31. Le ministre dépose le rapport de l’Agence à l’Assemblée nationale dans les 30 jours de sa réception si l’Assemblée est en session ou, si elle ne siège pas, dans les 30 jours de l’ouverture de la session suivante ou de la reprise de ses travaux.
1983, c. 42, a. 31.
32. L’Agence doit fournir au ministre les renseignements qu’il requiert sur ses activités.
1983, c. 42, a. 32.
33. Les livres et les comptes de l’Agence sont vérifiés chaque année par le vérificateur général et, en outre, chaque fois que le décrète le gouvernement.
Le rapport du vérificateur doit accompagner le rapport annuel de l’Agence.
1983, c. 42, a. 33.
SECTION V
SANCTIONS
34. Quiconque donne une information fausse ou trompeuse en vue d’obtenir ou de faire obtenir une aide financière prévue par la présente loi, commet une infraction et est passible d’une amende d’au plus 5 000 $.
1983, c. 42, a. 34; 1990, c. 4, a. 41.
35. Lorsqu’une corporation commet une infraction à l’article 34, un administrateur ou un représentant de cette corporation qui avait connaissance de l’infraction est réputé être partie à l’infraction et est passible d’une amende d’au plus 5 000 $, à moins qu’il n’établisse à la satisfaction du tribunal qu’il n’a pas acquiescé à la commission de cette infraction.
1983, c. 42, a. 35; 1990, c. 4, a. 41.
36. Une poursuite en vertu des articles 34 ou 35 est intentée par le Procureur général ou par toute personne qu’il autorise généralement ou spécialement à cette fin.
1983, c. 42, a. 36.
37. Quiconque est déclaré coupable d’une infraction aux articles 34 ou 35 ou d’une infraction à l’article 380 du Code criminel (Lois révisées du Canada (1985), chapitre C-46) relativement à une aide financière visée à la présente loi ne peut, à moins qu’il n’en ait obtenu pardon, obtenir une aide financière en vertu de la présente loi pendant une période de deux ans après cette déclaration.
1983, c. 42, a. 37.
SECTION VI
DISPOSITIONS FINALES
38. (Modification intégrée au c.

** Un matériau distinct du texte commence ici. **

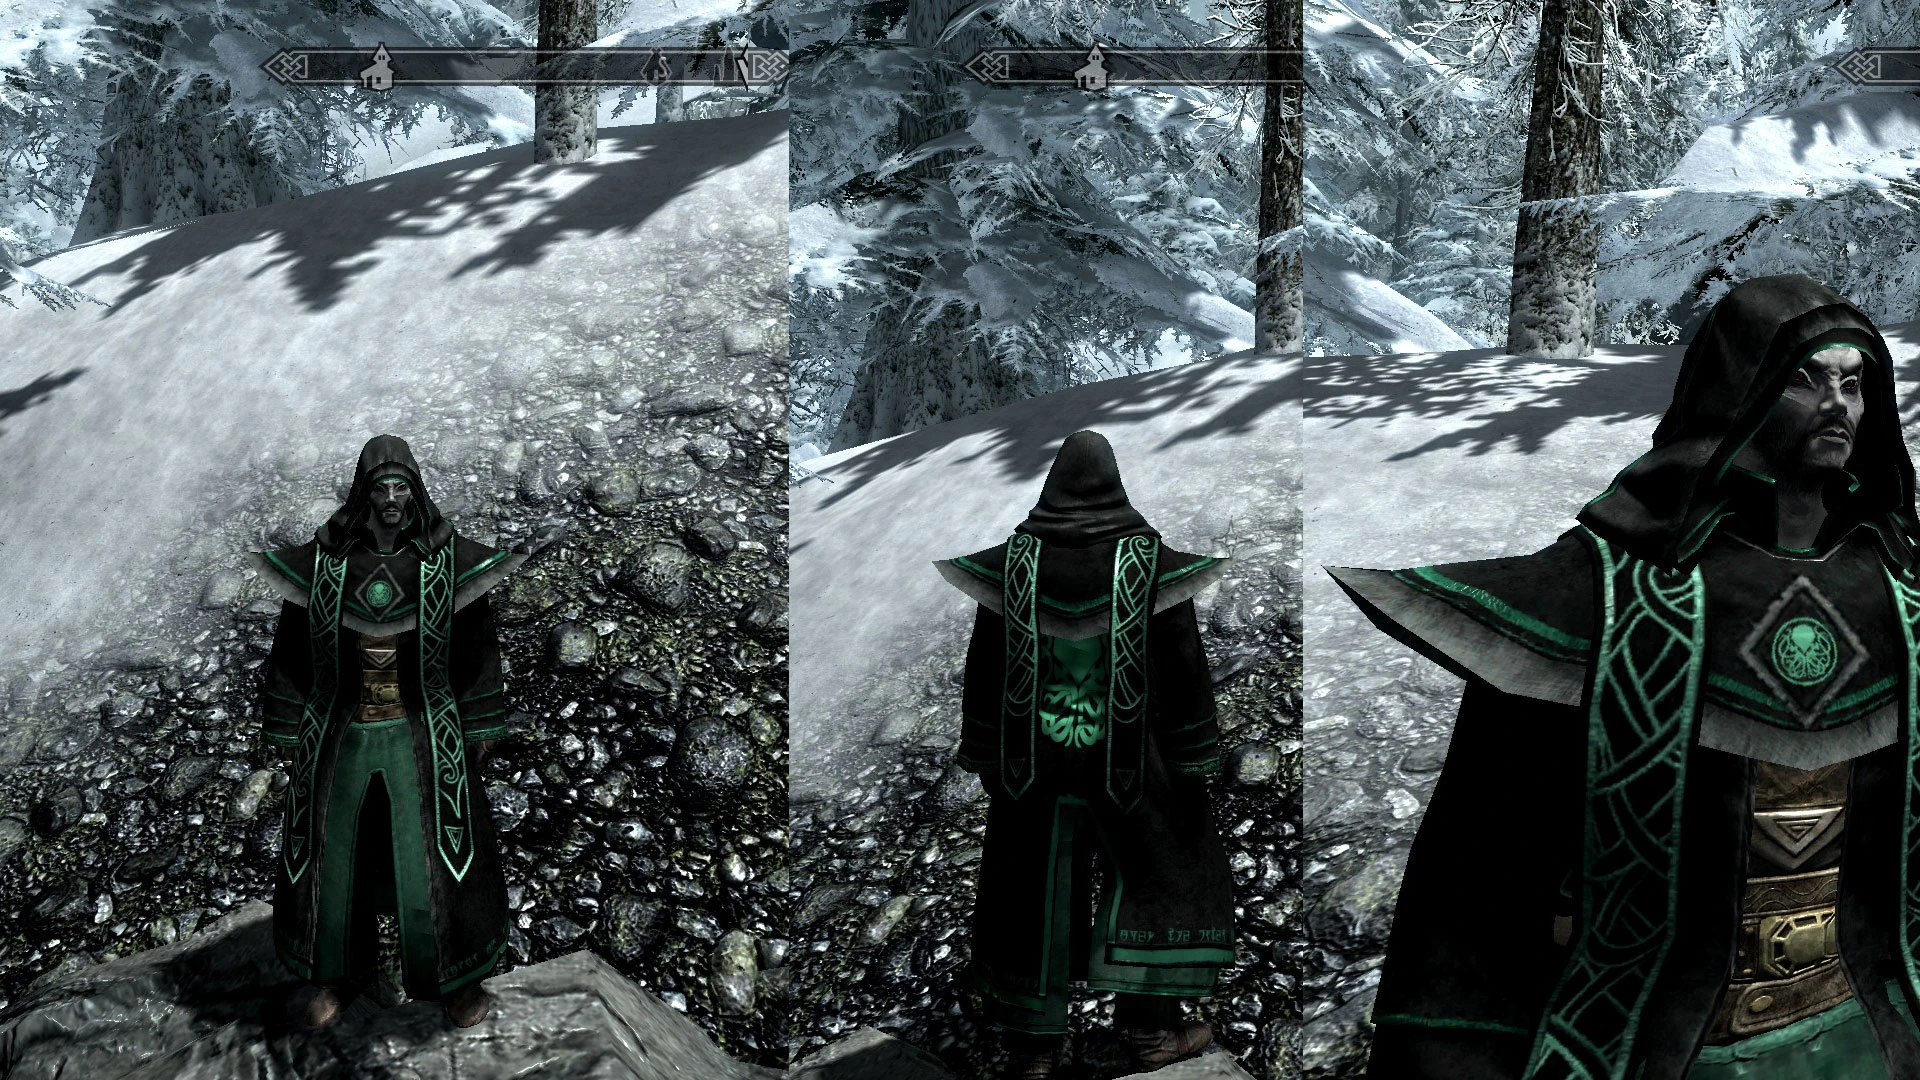 dragon priest robes wip at skyrim nexus mods and community.

R-12, a. 55).
1983, c. 42, a. 38.
39. Le ministre de l’Industrie, du Commerce et de la Technologie est responsable de l’application de la présente loi.
1983, c. 42, a. 39; 1985, c. 21, a. 97; 1988, c. 41, a. 42.
40. Les sommes requises pour l’application de la présente loi sont prises, pour l’exercice financier 1983-1984, sur le fonds consolidé du revenu dans la mesure que détermine le gouvernement et pour les exercices financiers subséquents sur les sommes accordées annuellement à cette fin par le Parlement.
1983, c. 42, a. 40.
41. (Cet article a cessé d’avoir effet le 25 janvier 1989).
1983, c. 42, a. 41; R.-U., 1982, c. 11, ann. B, ptie I, a. 33.
42. (Omis).
1983, c. 42, a. 42.
ANNEXE ABROGATIVE

Conformément à l’article 17 de la Loi sur la refonte des lois et des règlements (chapitre R‐3), le chapitre 42 des lois de 1983, tel qu’en vigueur le 1er juillet 1984, à l’exception de l’article 42, est abrogé à compter de l’entrée en vigueur du chapitre A-7.1 des Lois refondues.